==== GIVEN MATERIAL ====

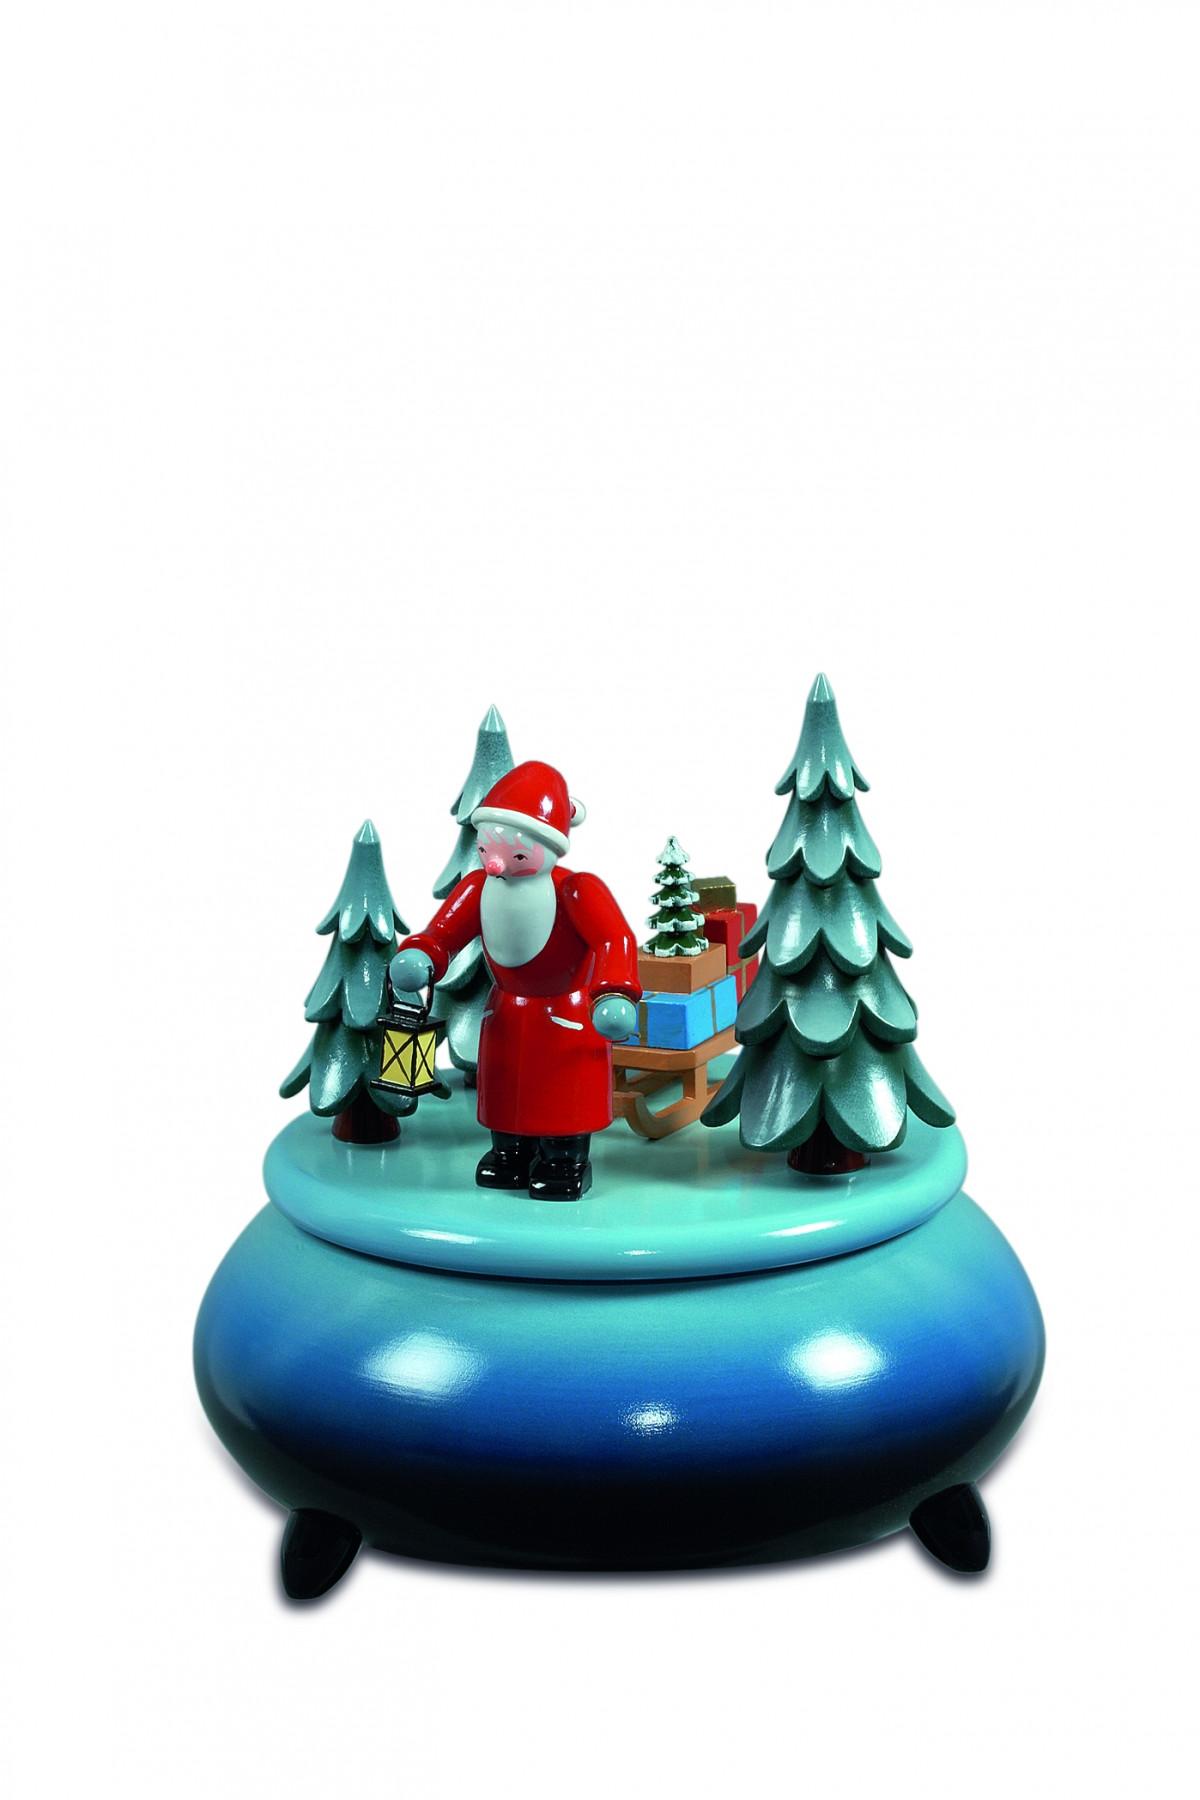 spieldose weihnachtsmann mit schlitten blau wei. Black Bedroom Furniture Sets. Home Design Ideas
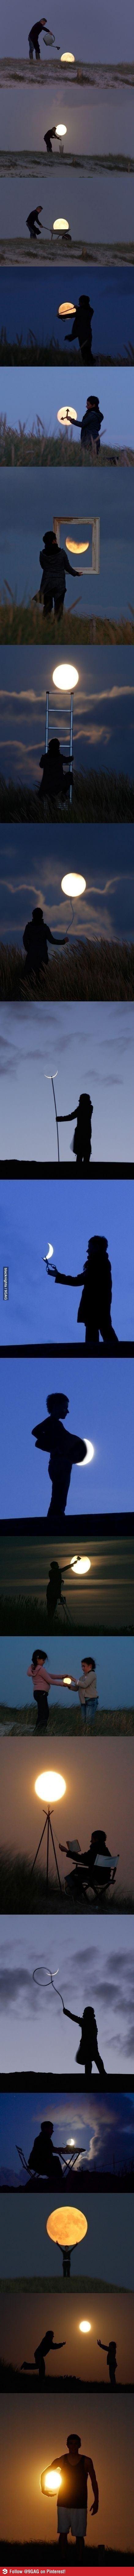 달과 태양을 이용한 사진작품
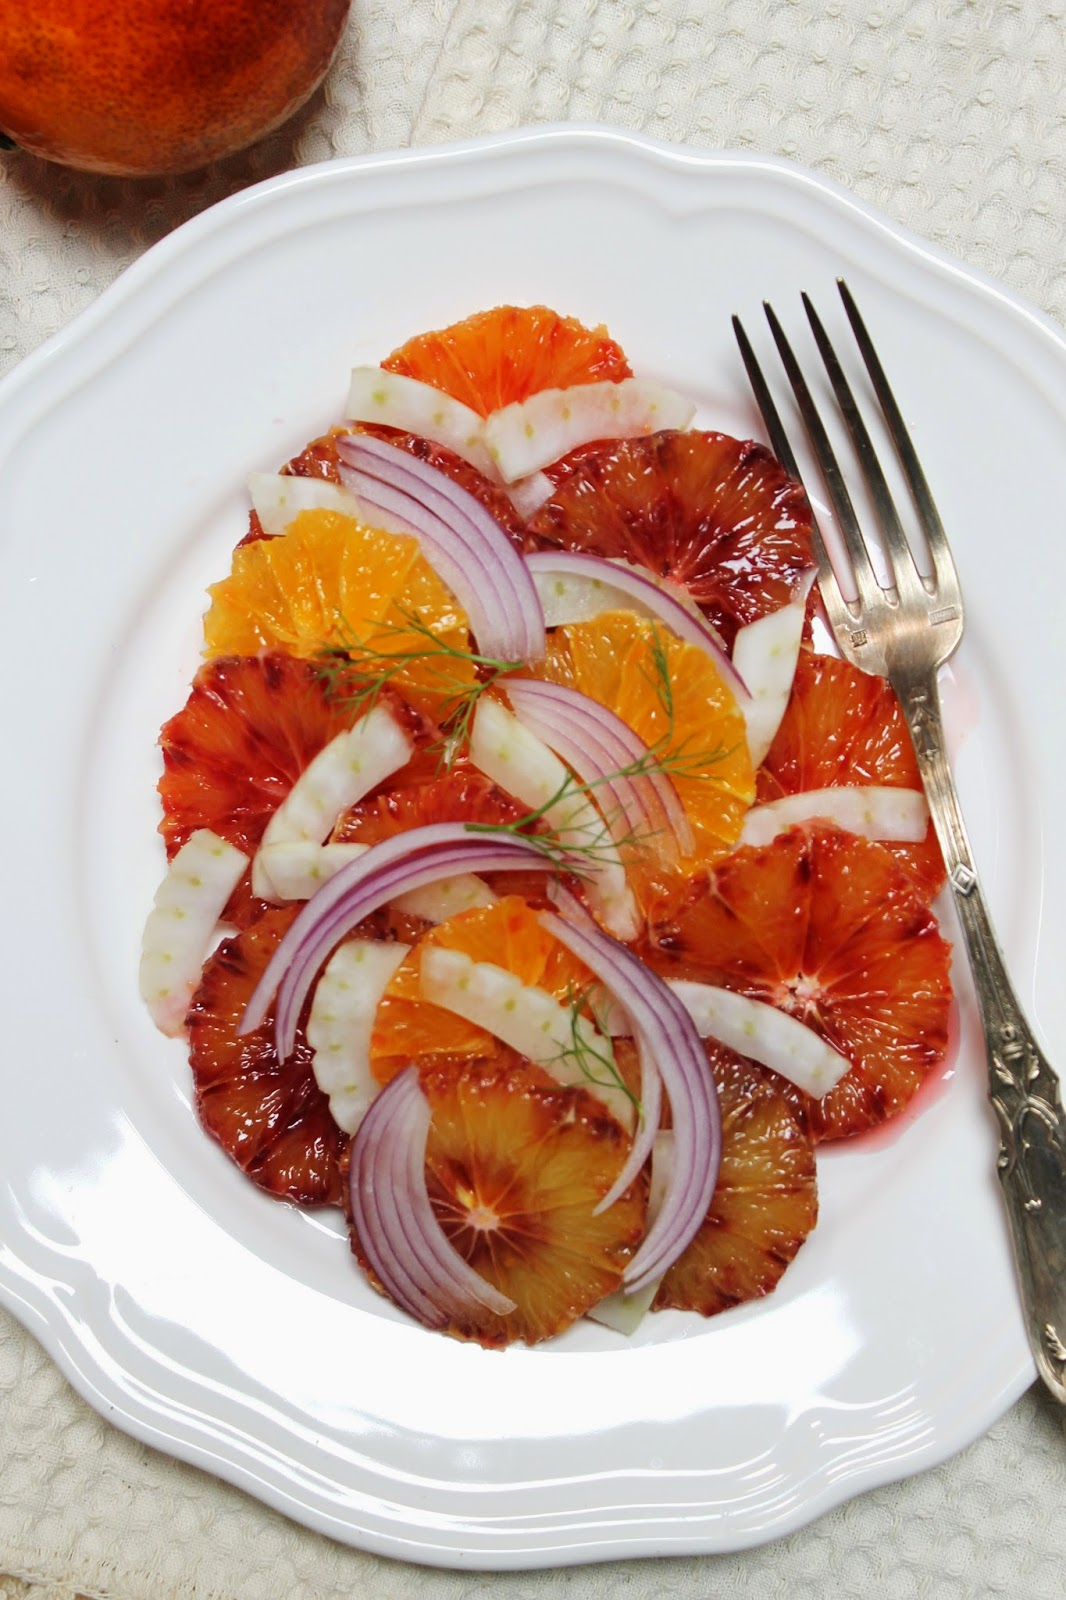 Salade d oranges la sicilienne blogs de cuisine - Blog cuisine sicilienne ...

====

● **WORK REQUIRED**:
When you reach a picture, pass over it; write out all other material exactly.

● **EXERCISE RESPONSE**:
 spieldose weihnachtsmann mit schlitten blau wei. Black Bedroom Furniture Sets. Home Design Ideas
 달과 태양을 이용한 사진작품
 Salade d oranges la sicilienne blogs de cuisine - Blog cuisine sicilienne ...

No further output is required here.